Despite political and civic pressure for a peaceful resolution of the Libyan crisis, Western powers have showed little interest in a political resolution in resolving Libya’s “grievance dividend”. Whereas the logic of a political resolution was made clear by Hillary Clinton, the US secretary of state, in the Bahrain context: “We have made clear that security alone cannot resolve the challenges facing Bahrain. Violence is not the answer, a political process is.” This logic has conveniently been resisted by US/Nato security authorities.

Throughout history, empires have been built and maintained through military force or the threat of it. Undoubtedly, the scramble for control over renewable and non-renewable energy reserves remains at the thrust of UN Security Council Resolution 1973, as well as International Criminal Court’s warrant of arrest.

Militarisation of energy continues to be the order of the day with US and allied troops increasingly being (re)deployed over pipelines and refineries in places like Gulf of Guinea, Colombia, Saudi Arabia and the Republic of Georgia. Not to mention increasing aerospace presence, as well as naval presence in the Persian Gulf, Arabian Sea, South China Sea and along other sea routes that deliver oil to the “coalition of the willing”.

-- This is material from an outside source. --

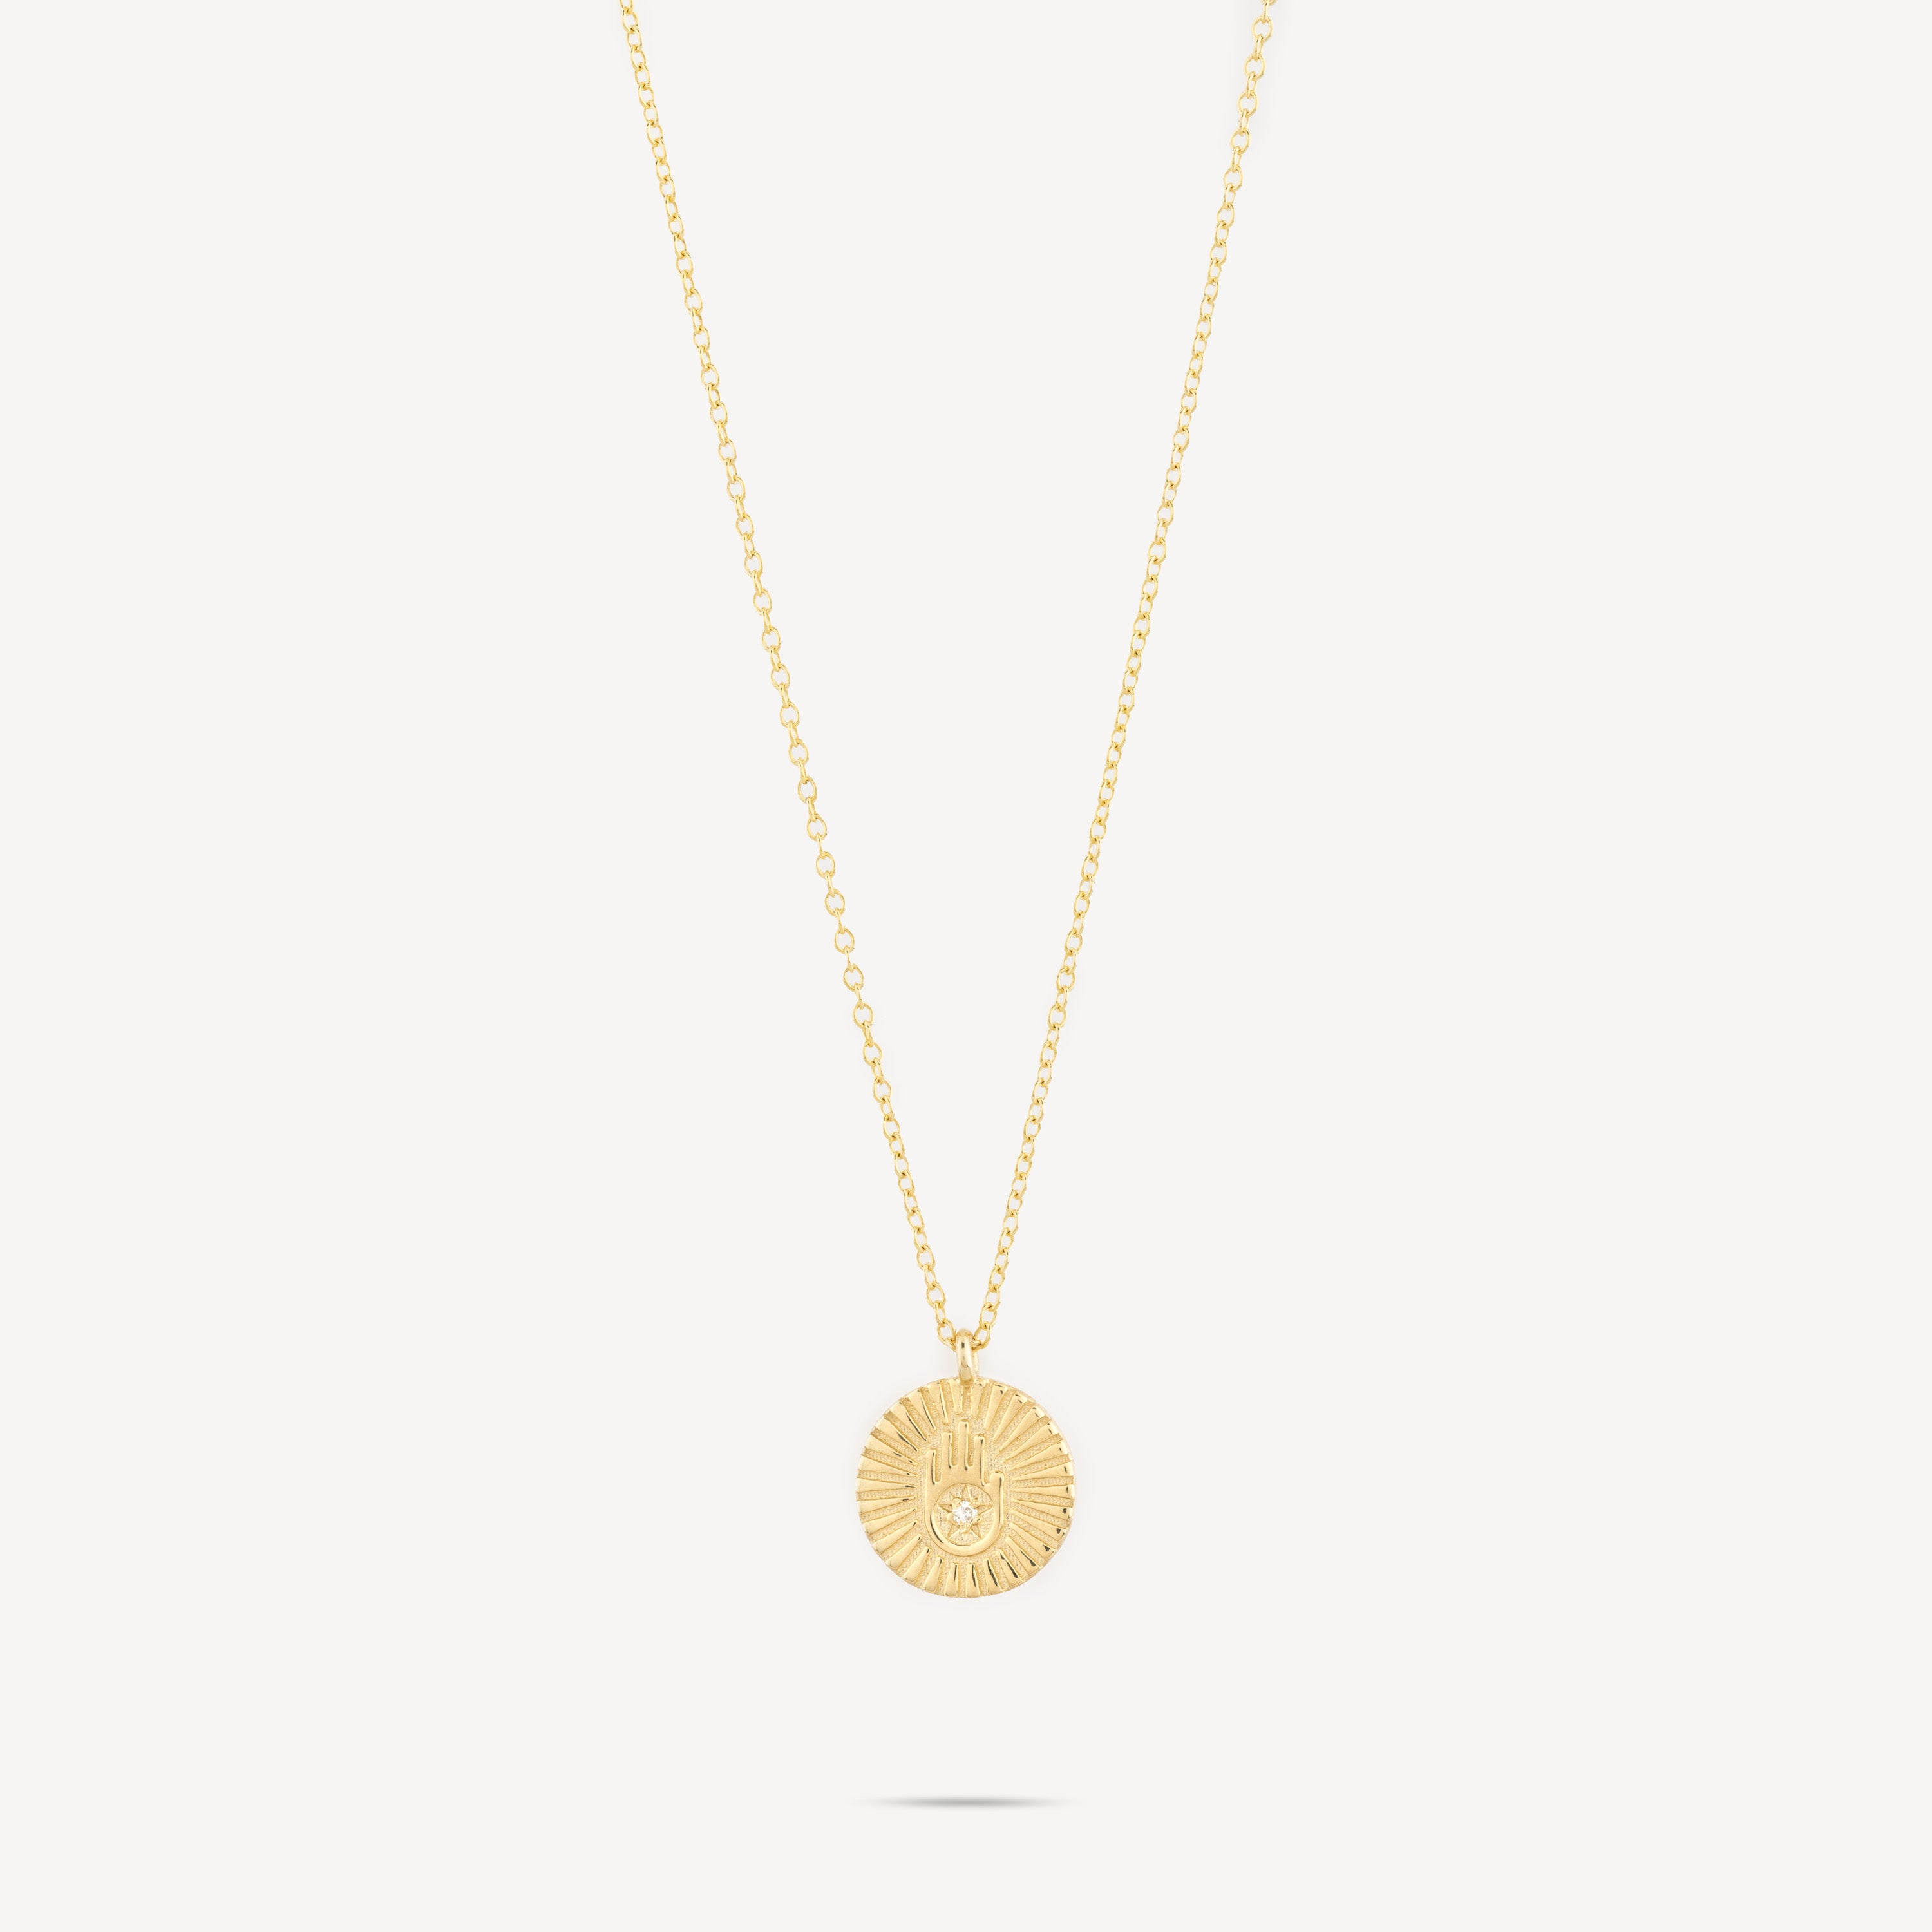 Gold Hamsa Medal Necklace with Diamonds

The “violence of peace doctrine” is definitely an extension of the military energy/industrial complex.

As we move towards a pan-Arab peace narrative, however, it is critical to point out the contradictions in Africa’s own interlocution on behalf of Libya. While the African Union (AU) should respond decisively to the Libyan inter(vasion), the AU should simultaneously and categorically rebuke atrocities against Libyan civilians by Muammar Gaddafi’s forces.

Gaddafi is by no means the anti-imperialist he claims to be. His unholy alliance with the French elite, and his support of various despots such as Charles Taylor, Idi Amin and Foday Sankoh exposes the hypocrisy of his interface with non-Arab Africa.

Our stance should by no means be interpreted as support of Gaddafi’s violent legacy in Libya. To the contrary, ours is a perspective that holds that a people have authentic rights to self-determination: just like the Tunisians and Egyptians rid themselves of dictators, Libyan people have the same capacity at articulating freedom for themselves and achieving this freedom independent of external manipulation.

The current military stalemate opens meaningful space for a pan-Arab resolve on the matter. The support of the AU’s roadmap (as apologist as it is) by countries like Turkey is encouraging and ought to be demanded of other emerging economies.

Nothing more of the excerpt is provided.